# NOT a big eater!



## RavenSophi (Feb 23, 2009)

Is it just Blake or does your GSD also only eat little? He isn't interested in food at all but is healthy, shinny coat, good poo, etc. I will give him his 1 cup in the morning with an egg and he'll a hole in the middle where the egg was and that's it. Same story in the evening. His mom also isn't a big eater. Is this GSD like or just Blake like?


----------



## onyx'girl (May 18, 2007)

Maybe try and change to a food that is more appealing? Do you have many choices where you are?
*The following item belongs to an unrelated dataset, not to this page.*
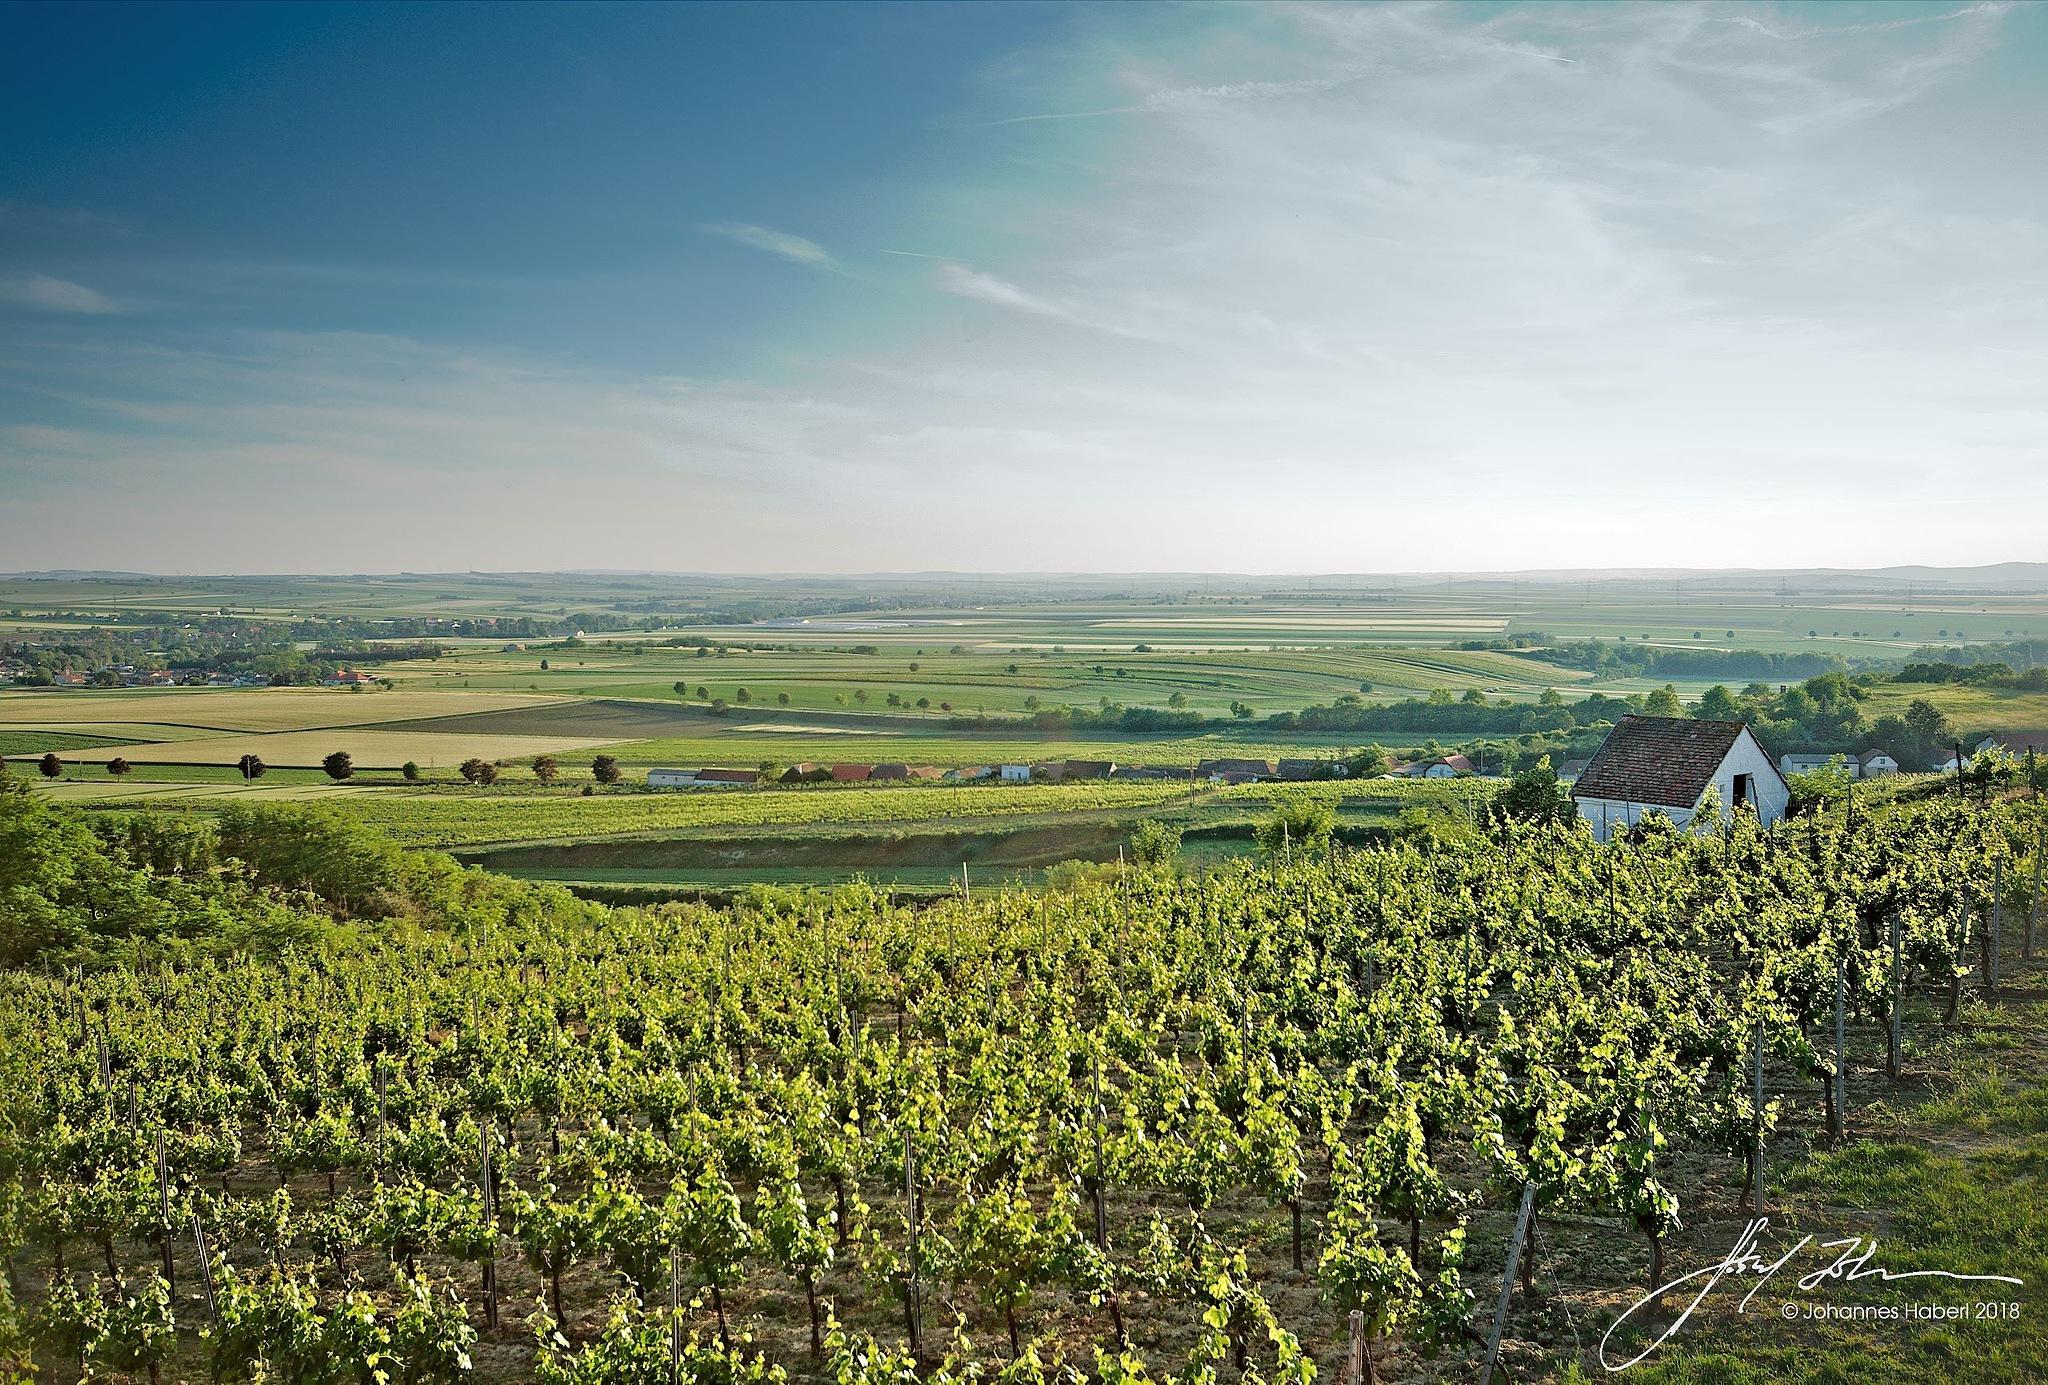 Schatzberg vineyard & cellar-house, view to the plain by Johannes Haberl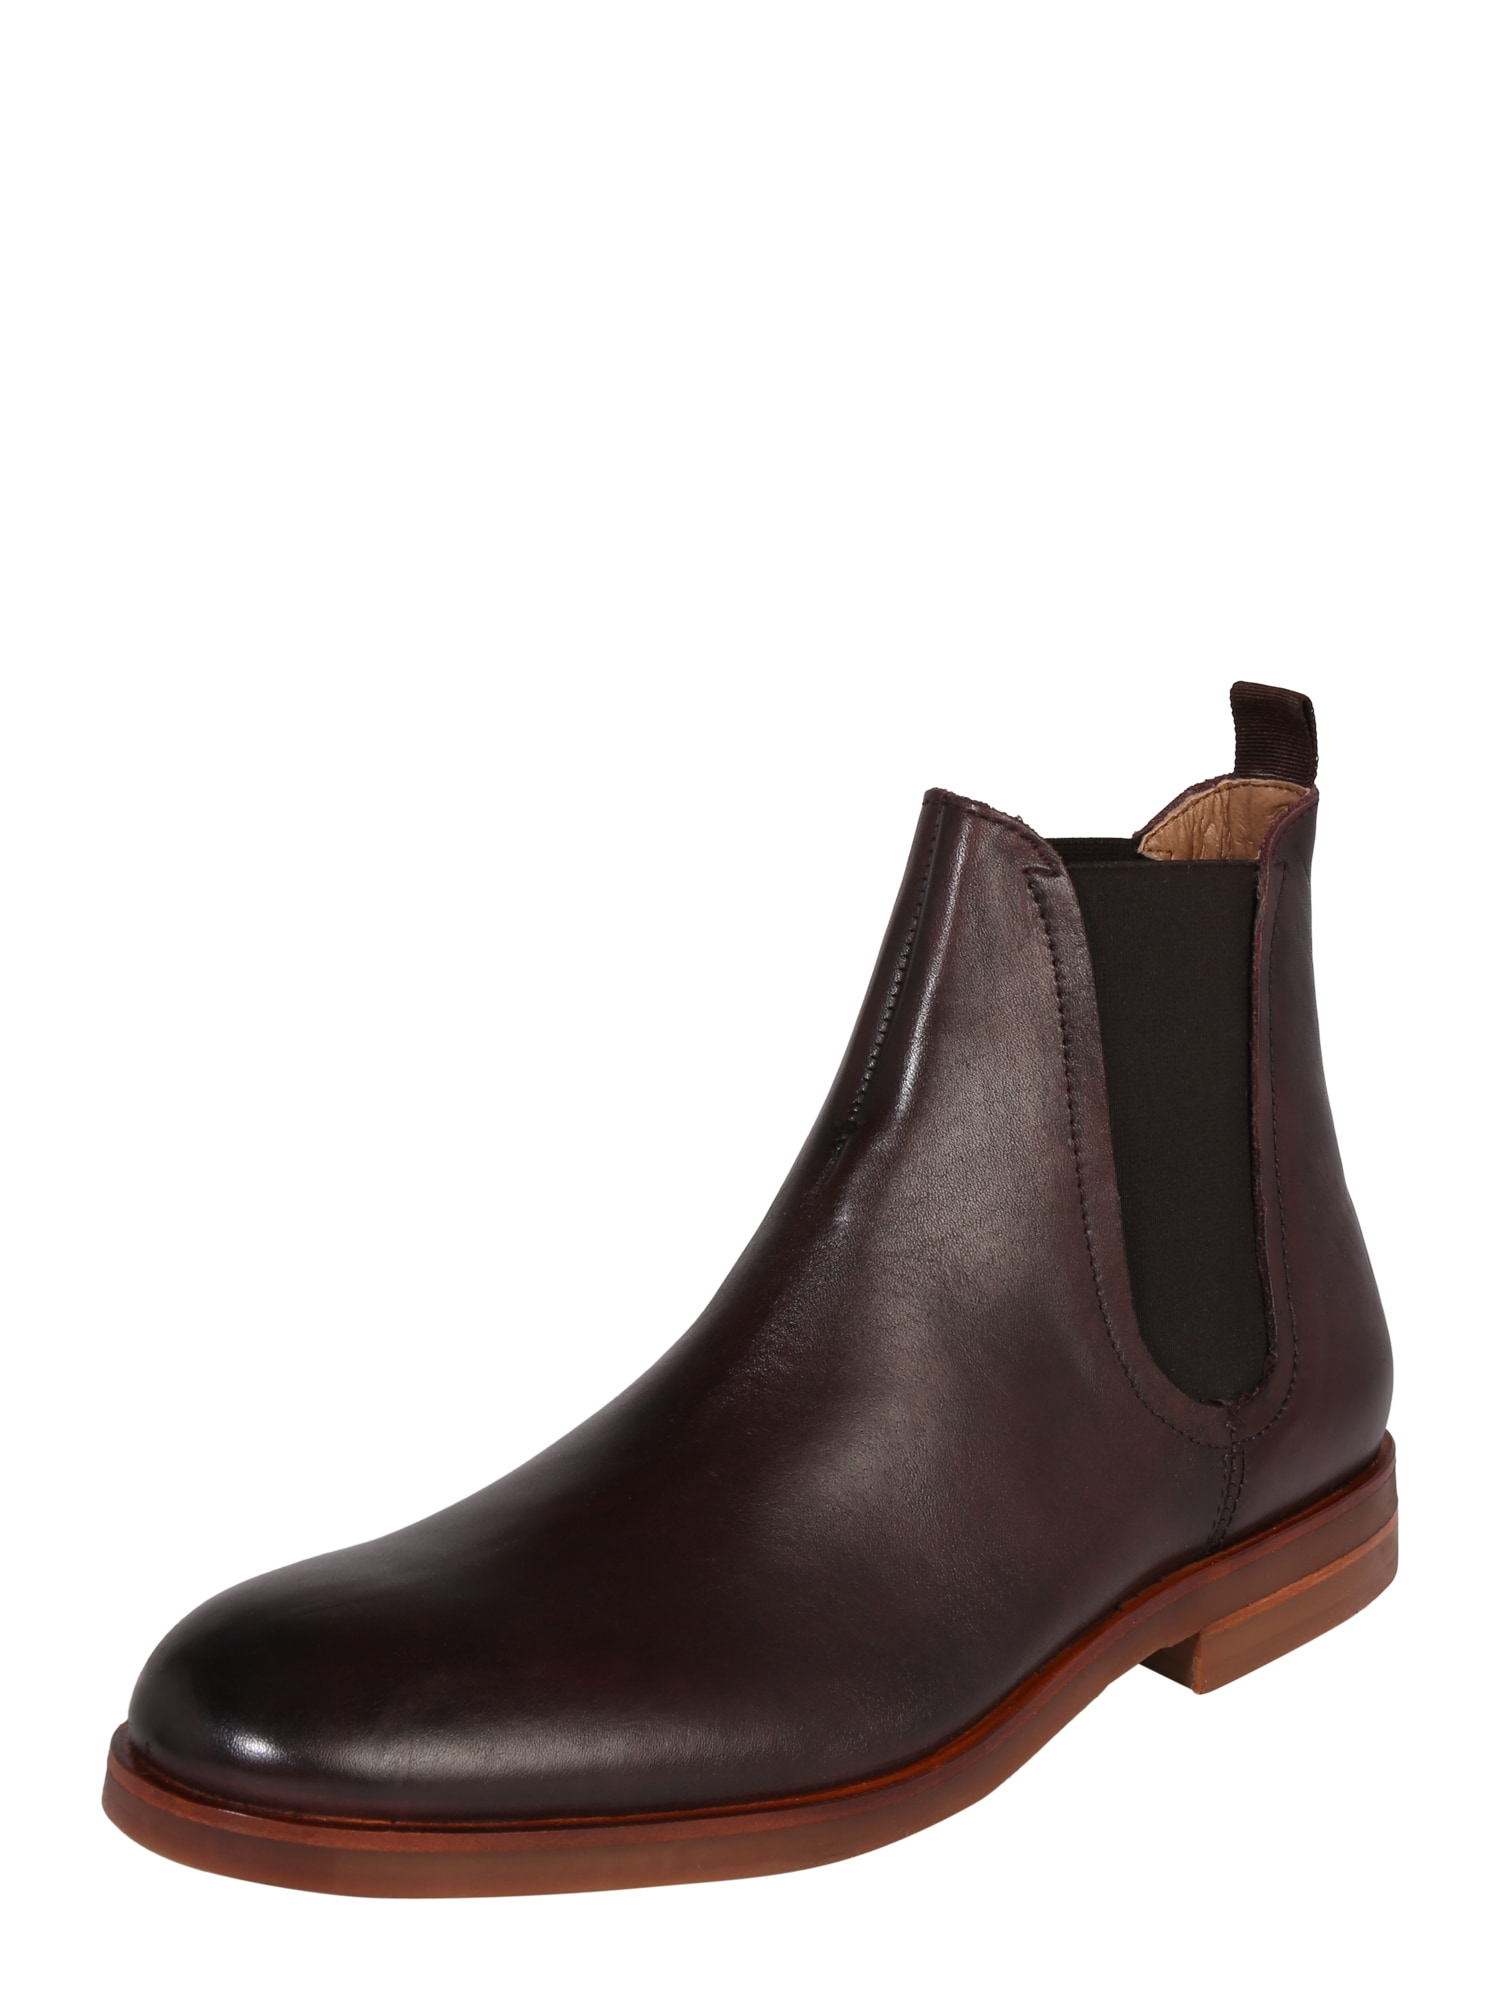 Chelsea boty Adlington tmavě hnědá Hudson London

I mix the egg with the kibble so it is coated, maybe that will work?


----------



## foader (Dec 19, 2008)

Not sure but if he's only eating the potion of the food that has the egg on it he may not like that brand of food. Have you tried another brand to see if he will eat more then just the egg covered food


----------



## RavenSophi (Feb 23, 2009)

Actually changed the food more than once, maybe he just doesn't like kibble. We are slowly introducing RAW so maybe he's keeping space for the 'nice' food?







He's not loosing weight so that's a good thing and he still has a lot of energy, was just interested to know if GSD's are fussy eaters. I mean you can put anything in front of a Great Dane/Maltese/Boerboel and they'll slobber it up!


----------



## sprzybyl (May 15, 2008)

Mine is super fussy. We've tried all different brands of kibble. she will eat a "new" kibble almost through a 30lb bag, and then give up on it and just won't touch it for days. We can prolong the regular eating by mixing in "goodies" like you did... but that only works for a few more days, and then she eats the goodies out (like yours did). Our solution has been to stop giving the goodies and no treats at all... just kibble. When she gets picky and stops eating it, I try to get her to eat it by using it for training- little handfuls at a time for sitting and staying, leave it, etc. I find that once she's had a few handfuls her hunger must kick in and she eats bigger handfuls and sometimes goes for the bowl. I must say that her obdedience has gotten better from all that training 2x a day, lol.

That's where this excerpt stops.